Alumni magazines are typically elements of the fund raising mechanism of universities. They tend to tell positive stories about what the University is doing, the success stories of alumni, and how alumni are giving back. Harvard and Columbia send out prototypical magazines. Always worth a scan, and as one gets older, well you scan departed alumni. But they contain nice pictures and often incentivize giving.
Now come Technology Review, the MIT "alumni" magazine. It has been out of the hands of the Institute after some business type apparently sold it off to a third party. It has become in my opinion a slanted anti-alumni rag.

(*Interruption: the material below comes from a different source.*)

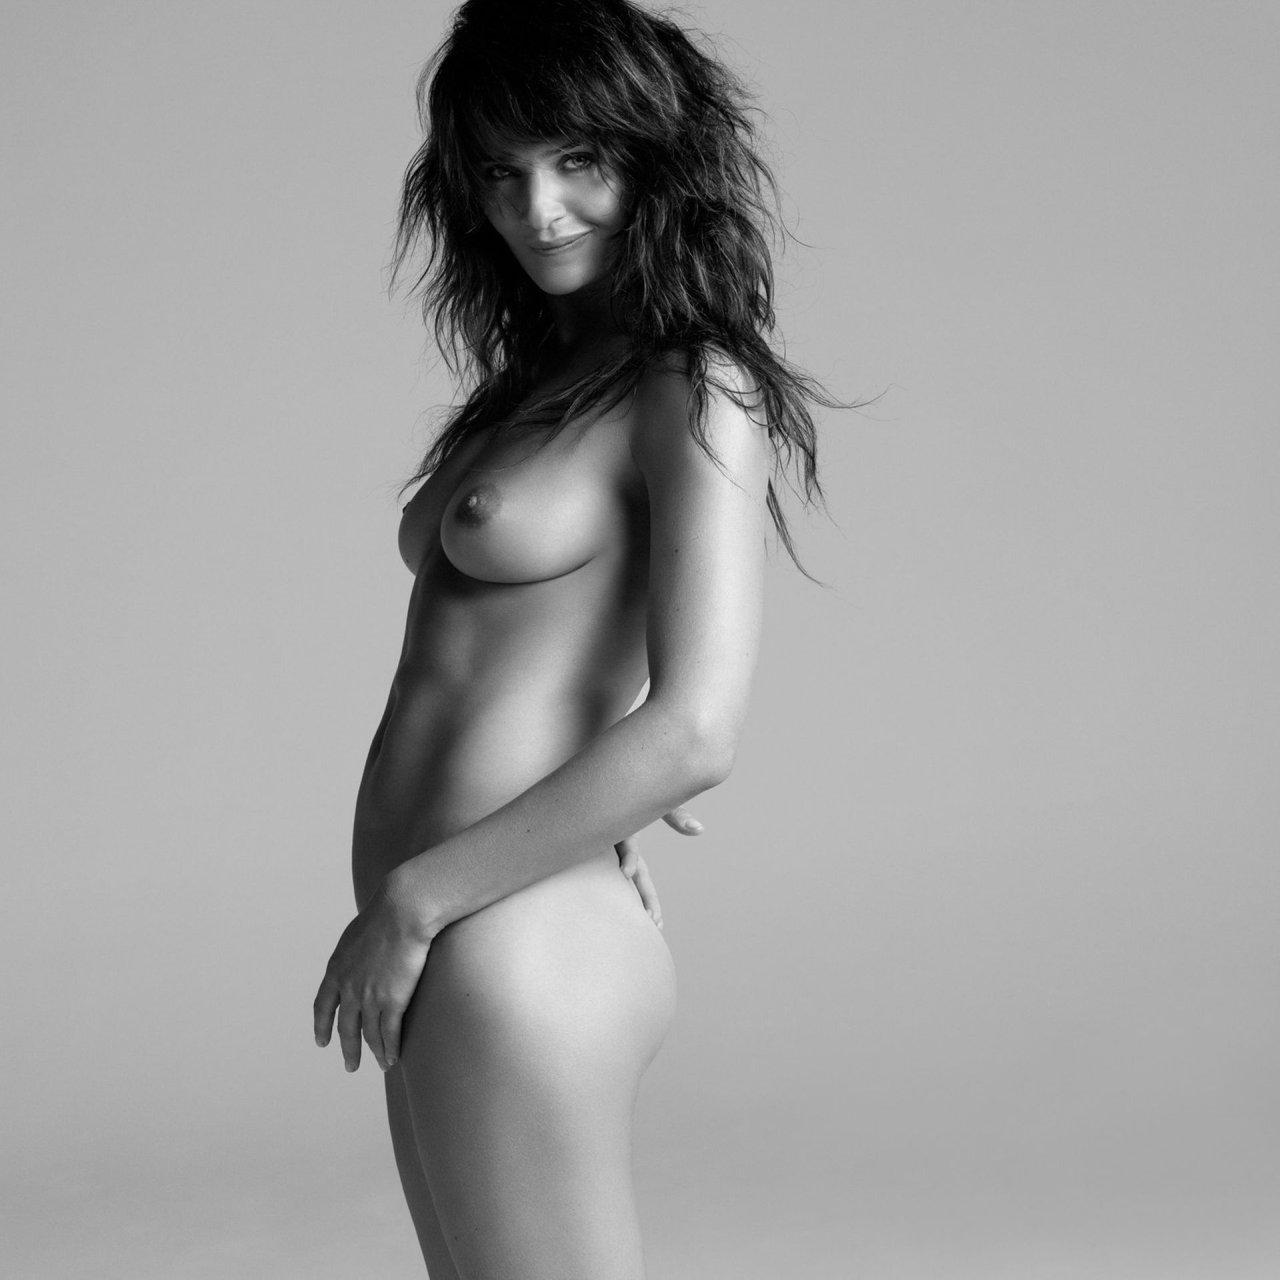 Helena christensen nudes

Take the current comment in an editorial:
I am writing this on April 10, 2020. Twenty-five days have passed
since San Francisco became the first US city to impose a stay-at-home
order on its residents. It feels like six months. As the covid-19
pandemic has advanced across the planet at dizzying speed, economies and
health-care systems have toppled like dominos. At this moment, a
tracker run by Johns Hopkins University shows 1,617,204 confirmed cases
of coronavirus infection and 97,039 deaths worldwide. That includes
18,279 deaths in Italy, 16,686 in the US, 15,843 in Spain, 12,210 in
France, and 7,978 in the UK. By the time I finish writing, these numbers
will all have markedly increased. In China, by contrast, the
death toll hovers at around 3,340. This week, people began emerging from
lockdown in Wuhan, the city to which the outbreak was mostly contained.
New York City’s official toll is now 5,150, and that doesn’t count
people who were never tested for covid-19. In the first five days of
April, 1,125 New Yorkers died on the streets or at home, an eightfold
increase over the same period last year. The real toll, in other words,
is surely at least double that of Wuhan, which is a larger city, and
continues to climb at a terrifying rate.
OK, I get it, the guy is in San Francisco, apparently thinks China is great and always tells the truth and that we are all morons in New York. Great pitch for fund raising.
Perhaps some person in the "giving" group may want to rethink this brilliant decision. Do we really want to be told by someone never affiliated with MIT living in San Francisco how we should be more akin to the PRC?